PERIOPERATIVE TIME STAMPS: The perioperative phase is divided into the following time periods: the operating room phase before cardiopulmonary bypass (pre-CPB), cardiopulmonary bypass (on-CPB), the operating room phase after cardiopulmonary bypass (post-CPB), 0-6 hours in the intensive care unit (ICU-0-6h), 6-12 hours in the intensive care unit (ICU-6-12h), and 12-24 hours in the intensive care unit (ICU-12-24h). If the patient is transferred from the intensive care unit to the ward earlier than 24 hours after surgery, the final time period ends at the time of transfer.

PRIMARY ANALYSIS: The association between time-weighted mean plasma ionized calcium concentration during the post-CPB phase as a continuous variable and dichotomous UDPB (UDPB 3-4 vs. UDPB 0-2) in patients who did not receive blood products during the post-CPB phase. SECONDARY ANALYSIS: The association between time-weighted mean plasma ionized calcium concentration during the post-CPB phase as a continuous variable and the original five-grade UDPB in patients who did not receive blood products during the post-CPB phase. SENSITIVITY ANALYSES: The corresponding analyses to the primary and secondary analyses including all patients.

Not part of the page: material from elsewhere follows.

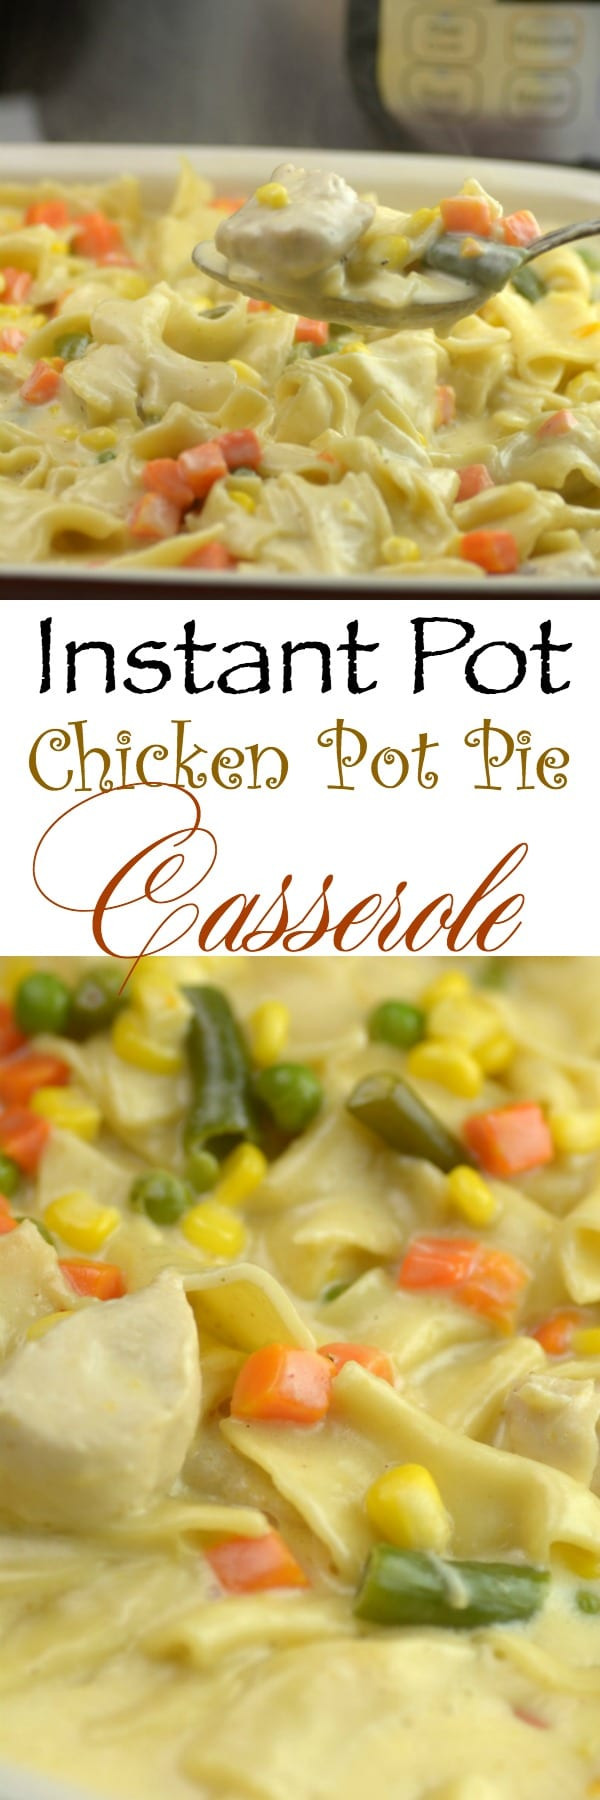 Chicken Pot Pie Soup Instant Pot
 Instant Pot Chicken PotPie Casserole

STATISTICAL ANALYSES: Differences in continuous variables between two groups will be tested using Student's t-test, and correlations between continuous variables will be assessed using Pearson's correlation test. The association between two dichotomous variables will be analyzed using Pearson's chi-square test. Temporal changes in plasma ionized calcium concentration across the entire study population will be analyzed using one-way analysis of variance (ANOVA). Post hoc comparisons will be performed using Dunnett's test, in which perioperative plasma ionized calcium concentrations will be compared with pre-CPB values. The association between plasma ionized calcium and UDPB class will be assessed with regression models. In addition to the primary, secondary and sensitivity analyses, corresponding multivariable analyses will be performed adjusted for clinical risk factors for bleeding. The clinical risk factors included in the model will be those previously identified by the research group among cardiac surgery patients at Meilahti Hospital. Multicollinearity among explanatory variables in the multivariable models will be considered present if the variance inflation factor (VIF) exceeds 5. In the presence of multicollinearity, the variable considered more clinically relevant for the model will be prioritized, and secondarily, the variable showing the stronger univariable association with the outcome will be selected. Otherwise, all predefined explanatory variables will be included in the multivariable model regardless of their statistical significance in univariable analyses. If needed, the five-grade UDPB will be modified to meet the assumption for proportional odds in ordinal regression models. Linearity will be tested. If needed, non-linear modeling will be used. The extent of missing data is not known at the time of writing the study protocol. The need for imputation of missing data and the specific imputation methodology will be evaluated after the study dataset has been obtained. Results will be presented as means and standard deviations, frequencies and proportions, or odds ratios with 95% confidence intervals (CI). A two-sided p-value < 0.05 will be considered statistically significant.